The main findings are as follows. First, our average subject deviated from constant discounting for both health and money and impatience decreased over time. However, time preferences were heterogeneous and a substantial minority of our subjects, between 25% and 35%, displayed increasing impatience. For money, our findings on increasing impatience confirm previous evidence (e.g. Attema et al. 2010; Sayman and Öncüler 2009; Loewenstein 1987; Takeuchi 2011; Chesson and Viscusi 2003; Rubinstein 2003). For health, only indirect evidence of increasing impatience existed.

The deviations from constant discounting were more pronounced for health than for money, which indicates that people might be more vulnerable to self-control problems for health than for money. This finding also suggests that intertemporal preferences are context-dependent and that findings for money outcomes cannot be simply transferred to health. We may have found less decreasing impatience for money due to market forces. As money is tradable on financial markets and transferable across time, people’s discounting of money may have been disciplined by the prevailing interest rates for money (Cubitt and Read 2007). However, we also found that time preferences were less stable for money than for health, which seems to contradict the above conjecture.

Another possible reason for the difference between discounting for health and money may be that our subjects were more familiar with decisions about money than decisions about health. Yet, one would then, again, expect that time preferences would be more stable for money than for health, in contrast to our observation. Moreover, Chapman et al. (1999) found that familiarity with medical treatments did not increase the similarity between time preferences for money and health.

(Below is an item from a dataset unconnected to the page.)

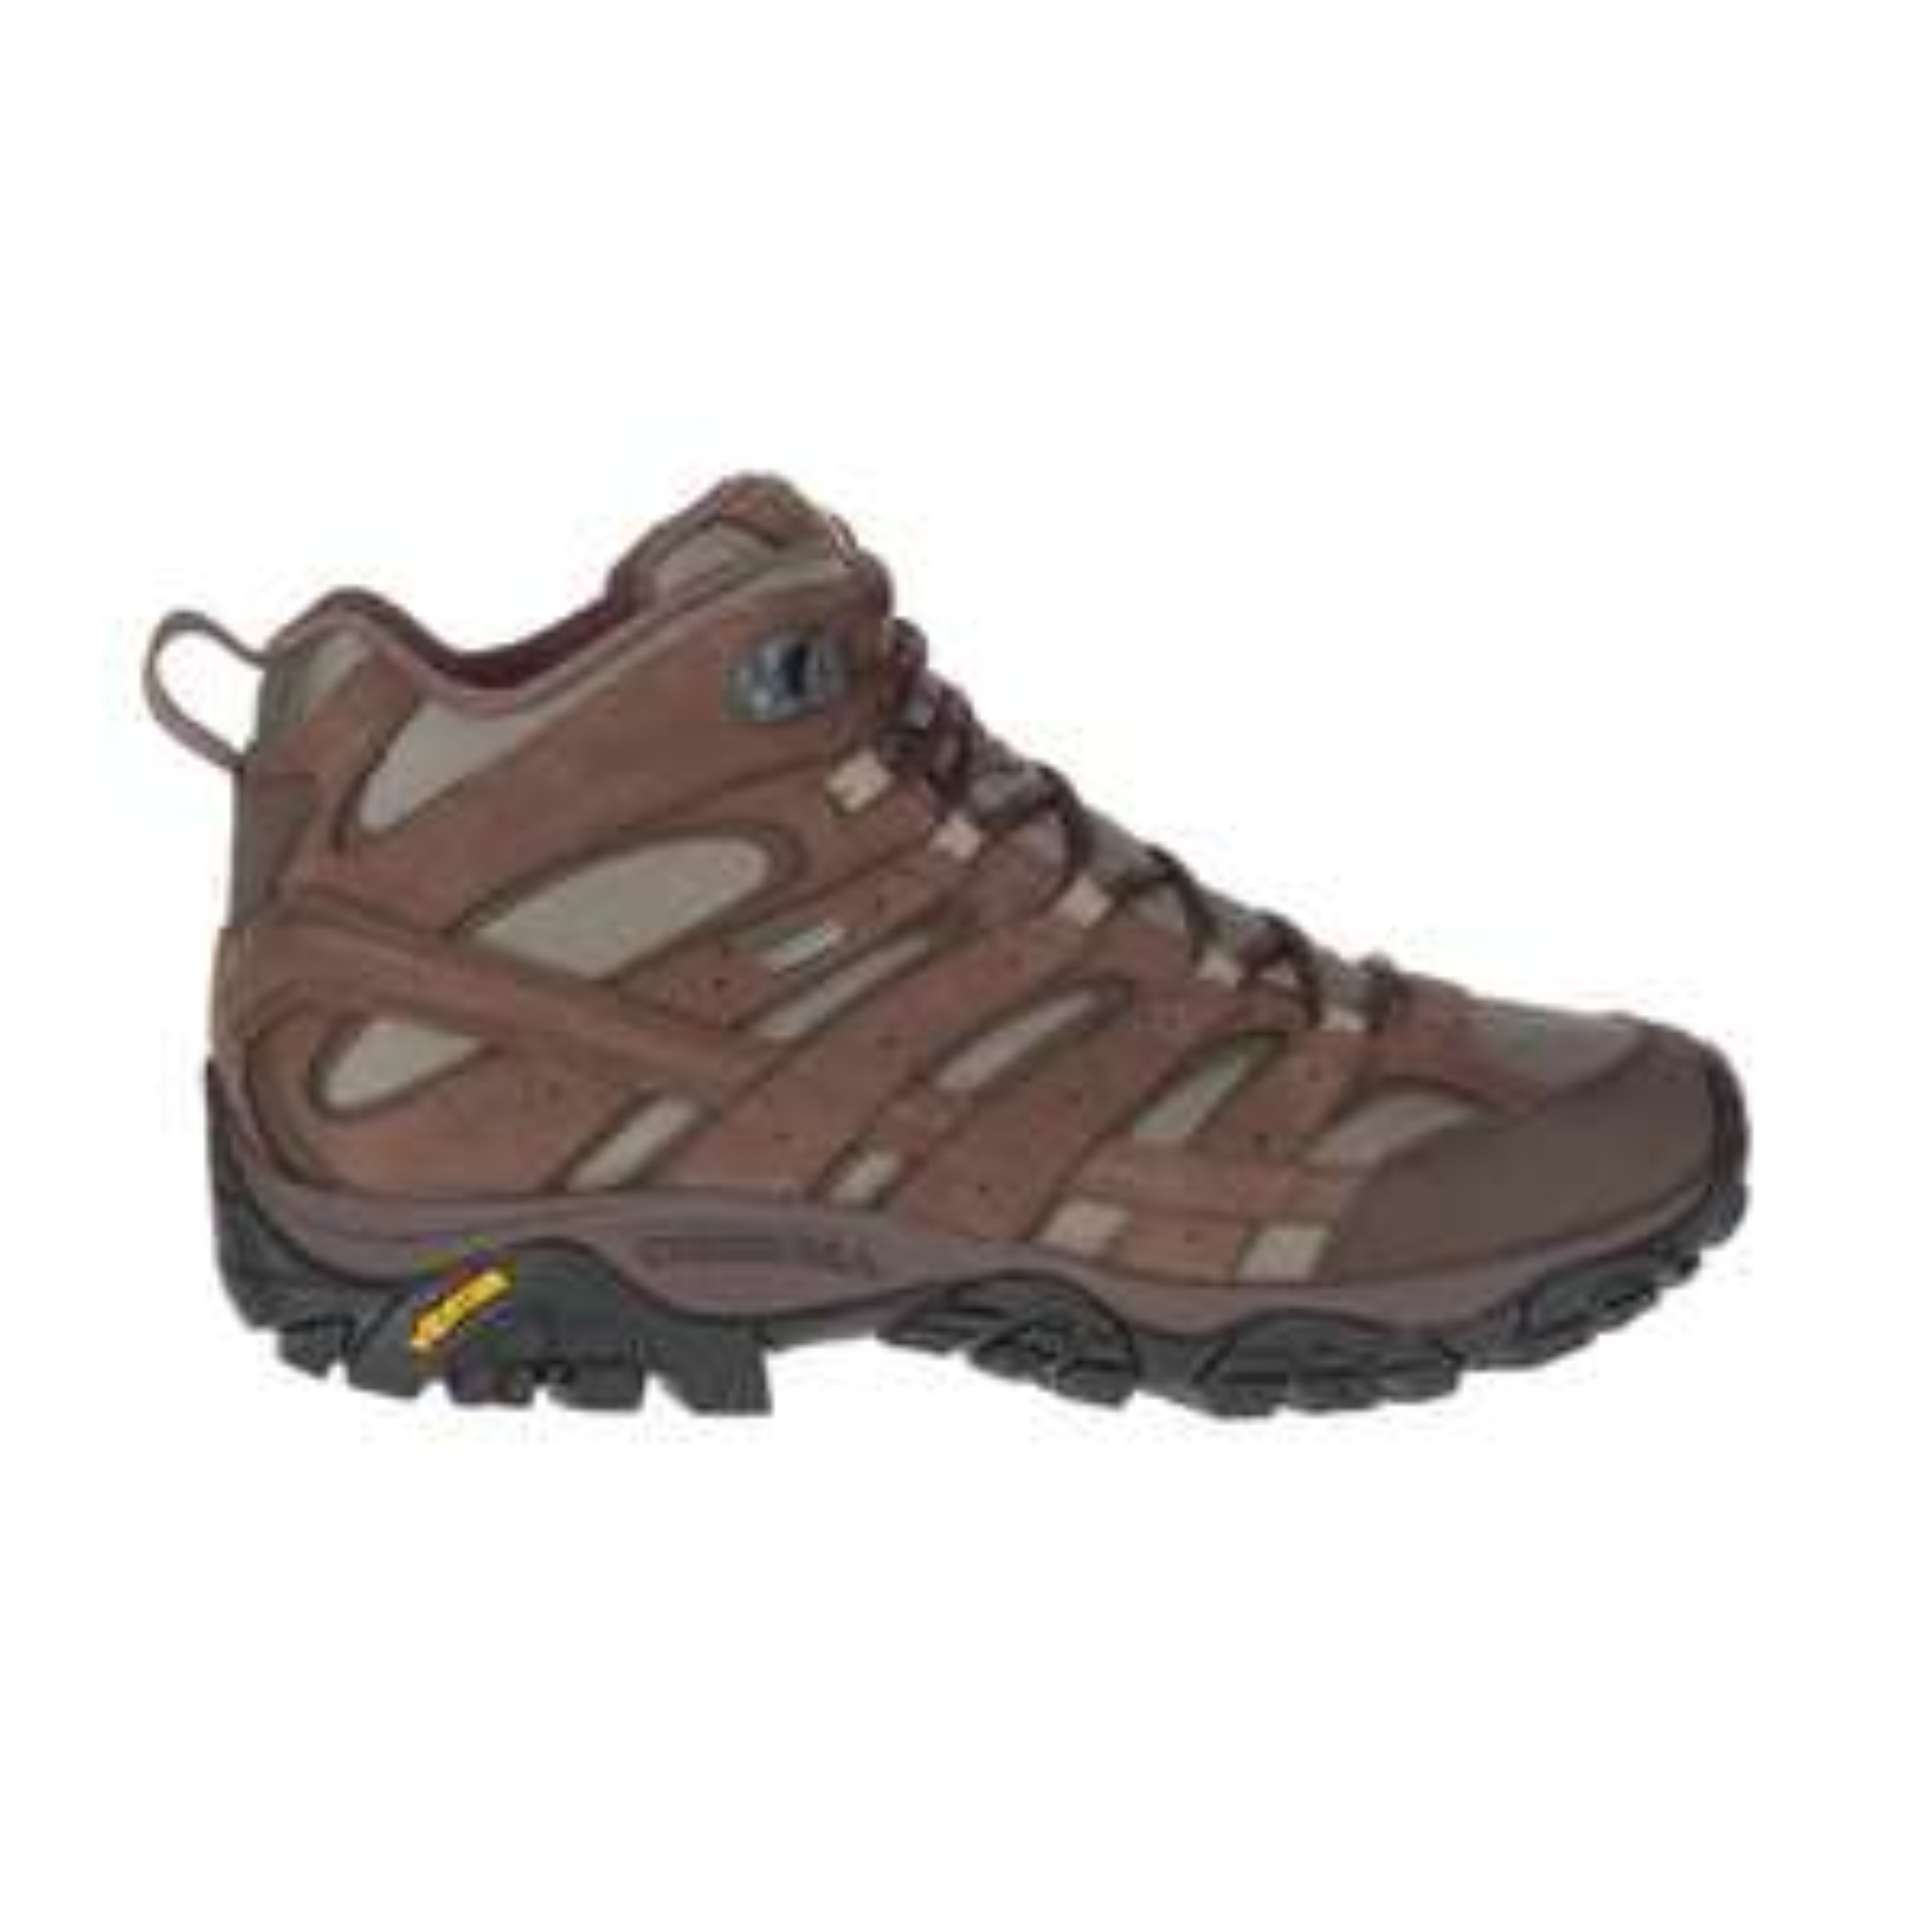 MERRELLMOAB 2 SMOOTH MID GORE-TEX WALKING BOOTS - £62.49 @ SportsShoes.com (+£4.99 P&P)

Possibly, time preferences were more stable for health than for money because subjects perceived their future health as more stable than their future income. For delays up to 10 years, which we considered in our experiment, health is usually rather stable and, moreover, we instructed subjects to assume that their baseline health would remain constant to chronic back pain. However, we did not tell subjects that their income would remain constant and, as they were students, substantial changes in their income were likely in the near future (after graduation). Consequently, subjects may have realized that their future evaluation of money would change. Our analysis assumed that the evaluation of money would not change over time and this may have affected the estimations. For a more detailed analysis of the impact of time-dependence of utility on discounting behavior see Gerber and Rohde (2010, 2015).

Our final contribution is to obtain new evidence on the descriptive validity of discount models. Such evidence is still scarce, particularly for health. Hyperbolic discounting (Loewenstein and Prelec 1992) and proportional discounting best described intertemporal preferences, but it should be kept in mind that these two models cannot accommodate the behavior of the increasingly impatient subjects. To explain increasing impatience other discount functions are needed (Ebert and Prelec 2007; Bleichrodt et al. 2009). The widely-used quasi-hyperbolic discounting model was rejected for both money and health, casting doubt on the descriptive realism of studies that use this model to derive predictions about behavior.